In H.264 I-macroblocks have dependencies on neighboring macroblocks in terms of prediction. In other words one can only encode macroblock at (mb_x, mb_y) when macroblocks at (mb_x - 1, mb_y) [A], (mb_x, mb_y - 1) [B], (mb_x + 1, mb_y - 1) [C], (mb_x - 1, mb_y - 1) [D] have been encoded.
Renderscript doesn't guarantee any scan order, i.e. we can not rely on any of the top or left macroblocks being done before we start to process the current one.
The solution to this is wave-front processing (see below). The idea is to schedule macroblock processing in waves, each wave will process the spots that are ready to be processed. In the image below each wave is represented by a different fill color of the rectangles. I highlighted one particular wave with red borders in the image below.
However how to make Renderscript process image only at the specified locations? The answer I figured out would be to use 'fake allocations' of the right size just for the purpose of having RenderScript iterate the amount of times we want. Let's call these 'fake allocations' -- the iterators.

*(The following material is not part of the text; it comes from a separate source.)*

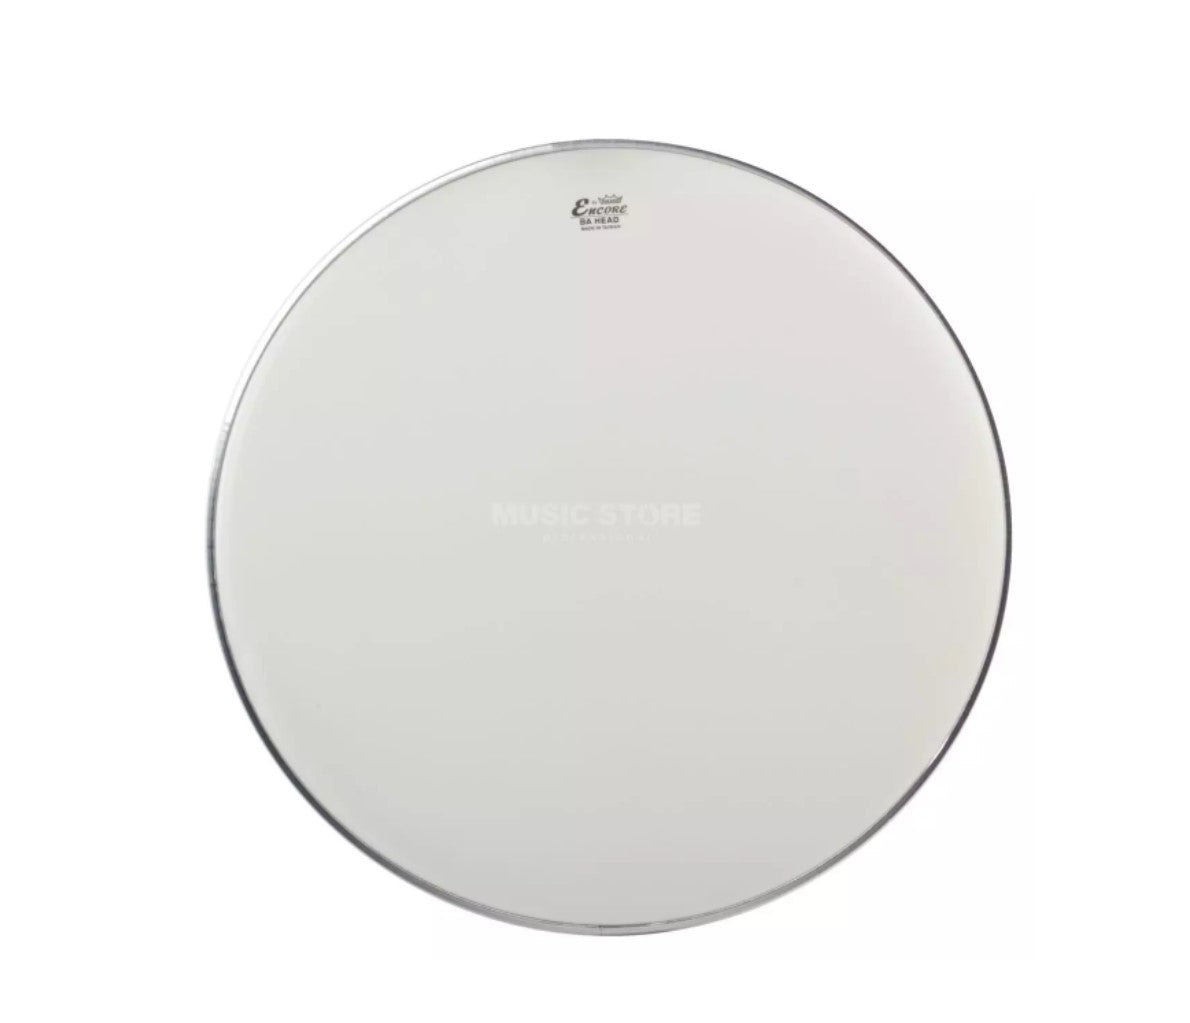 Encore by Remo 16 Inch Ambassador Coated Tom Drum Head (EN-0116-BA) Percussion Instrument Accessories for Drums
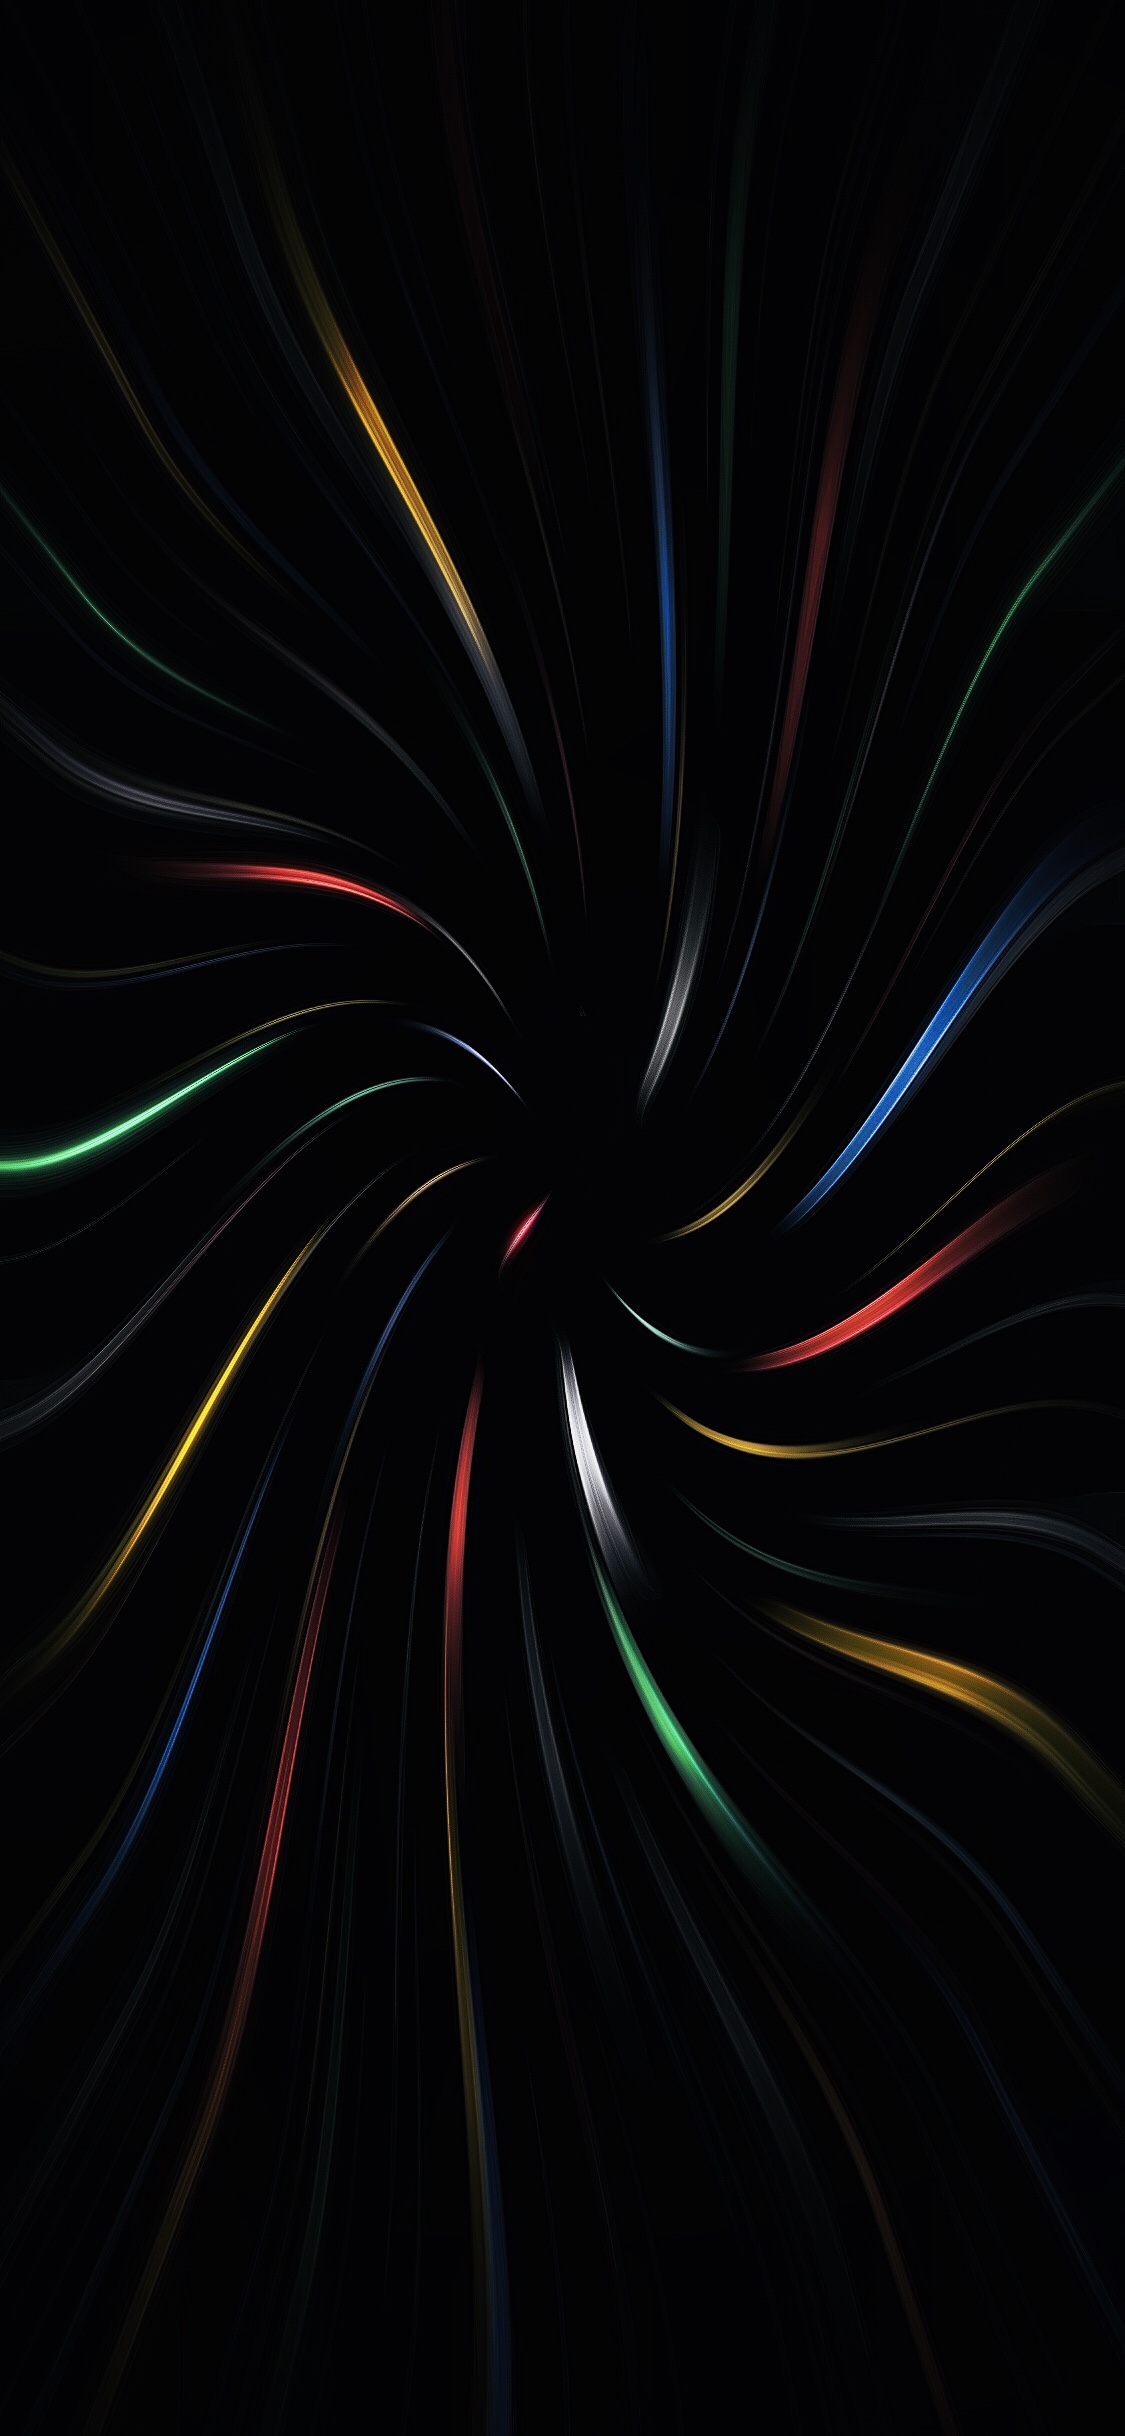 iPhone Amoled Black Abstract Wallpapers - Wallpaper Cave

So for the first wave we'll use a 1x1 'fake allocation' (iterator), for the second wave a 1x1 as well; for the third and 4th wave -- a 2x1 iterator and so forth (all the iterators are displayed to the right of the grid in a picture below with the appropriate wave color).
The question now is how do we derive a macroblock position (mb_x, mb_y) within a wave from the iterator postion (it_x, it_y) within the iterator. This it totally task-dependent, but in this case we'll use the following technique:
- fill the iterator with the current wave number;
- mb_x = wave_number - it_x * 2;
- mb_y = it_x;
PS: I event think it would be better to schedule the waves from withing the RenderScript function, this way we don't have to go back to Java too many times.